おかあさんは・・・、わたしはおとうさんをさがしに行くから、お前たちはうちにいて、あの戸棚にある粉を二人で少しずつ食べなさいと言って、やっぱりよろよろ家を出ていきました。二人が泣いて後を追っていきますと、おかあさんは振り向いて、「何たらいうことをきかないこどもらだ。」と叱るように言いました。
 二人は残されたそば粉などで飢えをしのいでいましたが、ある日正体不明の男が現れ、二人に餅を与え、すぐにネリを連れ去ってしまいます。ブドリは追おうとしますが、森の中で力つきて倒れてしまいました。
 それからブドリは、てぐす(蚕の繭から取る糸の一種)工場で働かされます。住んでいた家も知らないうちにてぐす工場に変わっていたのです。しかしその仕事も長く続きません。火山の噴火が起き、火山灰で蚕が死んでしまったためです。
 森を出て沼ばたけ(水田)のそばを歩いていたブドリは、その沼ばたけの主人に雇われます。その主人は作物(オリザ、稲のこと)の収穫をあげるため色々工夫をするのですが、なかなかうまくいきません。ブドリはそれを手伝いながら、自分でもクーボー博士という人の書いた本を読んで農業の知識を得えます。そしてある時は作物の病気を治すのに成功します。しかし、ひどいひでりの年が二年続いてしまい、主人はやむなく沼ばたけの多くを手放してしまいます。ブドリがその主人のもとで働き出してから6年経ったとき、このままでは礼もできない、せっかく若い働き盛りなのだからどこか別のところで運を見つけてくれ、と主人はブドリに告げます。
 沼ばたけを離れたブドリは、本で知ったクーボー博士の学校をたずねます。博士は授業の最中でブドリもその授業を聞きます。それが終わった後、ブドリは授業についての博士の試問を受け、合格し、何の仕事をしているのかという博士の問いに対して、仕事を見つけに来た、と答えます。すると博士は名刺をブドリに差し出しました。

[火山局でのブドリ]
 博士の名刺の宛名が「イーハトーヴ火山局」でした。ブドリはそこで雇われます。イーハトーヴには三百以上の火山があり、火山局ではそれらすべての状態を観測しています。ブドリはペンネンという老技師について機器の扱い方や観測の仕方を習い、夜も昼も一心に働き勉強をします。(念のため、イーハトーヴというのは、宮沢賢治の童話の舞台になっている、架空の地域−原型は岩手県−のことです)
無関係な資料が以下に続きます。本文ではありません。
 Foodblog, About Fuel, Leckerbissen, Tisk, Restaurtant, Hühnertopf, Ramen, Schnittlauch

 火山局は火山の状態を観測するだけでなく、火山に工作をして噴火などの被害を防ぐ仕事をしています。ブドリが働き始めて二年経ったとき、サンムトリ山という山が噴火を始めます。火山局の人たちはその山の海に向いた側に穴を開け、そちらから溶岩を噴出させて街へ被害が及ぶのをふせぎました。
 さらに四年が経ち、ブドリは技師心得という職に就きます。ブドリは飛行船から硝酸アンモニアをまいて人工雨を降らせることに成功します。自分の作った雨雲を見ながら、ブドリは思います。
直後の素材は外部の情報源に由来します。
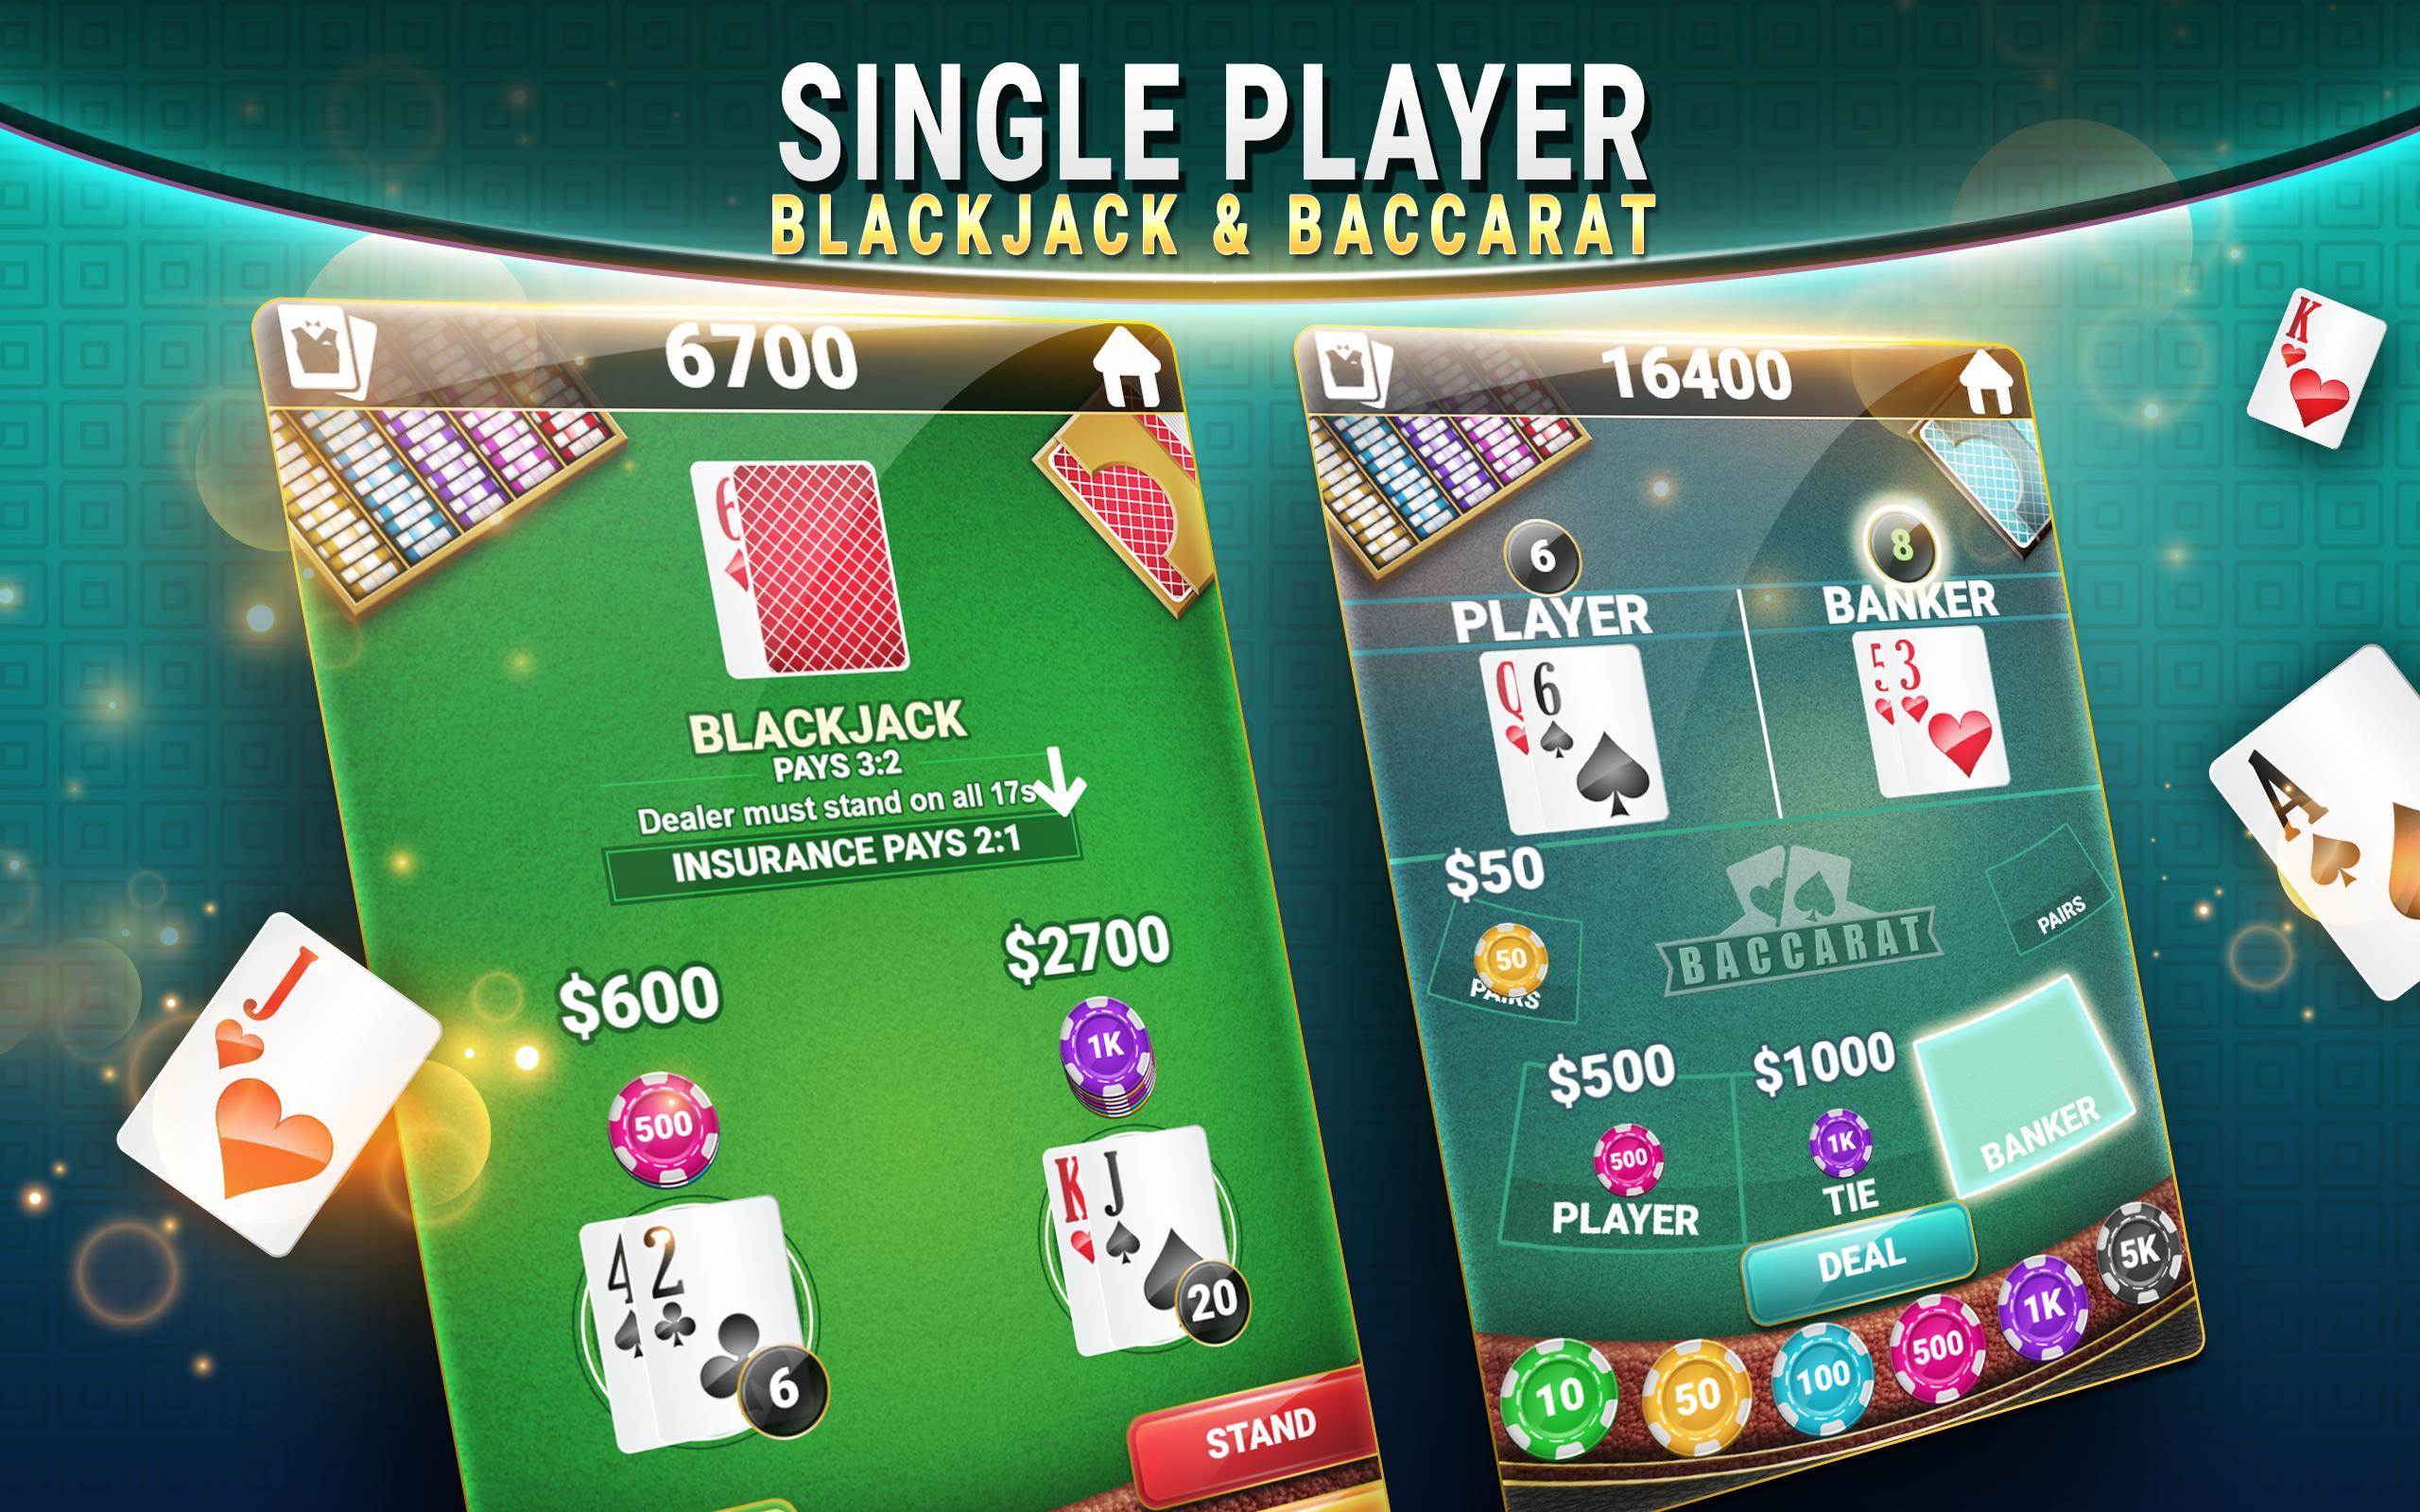 Review Judi Blackjack & Baccarat - Casino Card Game

この雲の下で・・・・みんなよろこんで雨の音を聞いている。そしてあすの朝は、見違えるように緑色になったオリザの株を、手で撫でたりするだろう。
 このことがきっかけで、ブドリの名前が知られるようになります。そして妹のネリとの再会をはたします。ネリはあのあと牧場の近くに置き去りにされたのですが、その牧場で働きながら生活をし、牧場の一番上の息子と結婚して平穏に暮らしていたのです。
 それから五年後、ブドリが二十七歳の時、ひどい低温の年がやってきます。五月になってもみぞれが降り、六月になっても作物が芽吹かず、このままでは恐ろしい冷害に見舞われることが確実でした。ブドリは火山のひとつ、カルボナード火山が爆発したら、気層のなかに炭酸ガスが増えて気温が上がり冷害が防げるのではないかとクーボー博士に問います。
「先生、あれを今すぐ噴かせられないでしょうか。」
「それはできるだろう。けれども、その仕事に行ったもののうち、最後の一人はどうしても逃げられないのでね。」
「先生、私にそれをやらしてください。どうか先生からペンネン先生へ、お許しの出るようお言葉をください。」
「それはいけない。きみはまだ若いし、いまのきみの仕事に代われるものはそうはない。」
「私のようなものは、これから沢山でてきます。私よりもっともっと何でもできる人が、私よりもっと立派に、もっと美しく、仕事をしたり笑ったりしていくのですから。」

さらにブドリはペンネン技師にもその仕事をやらせてほしいと訴えます。技師はとめようとします。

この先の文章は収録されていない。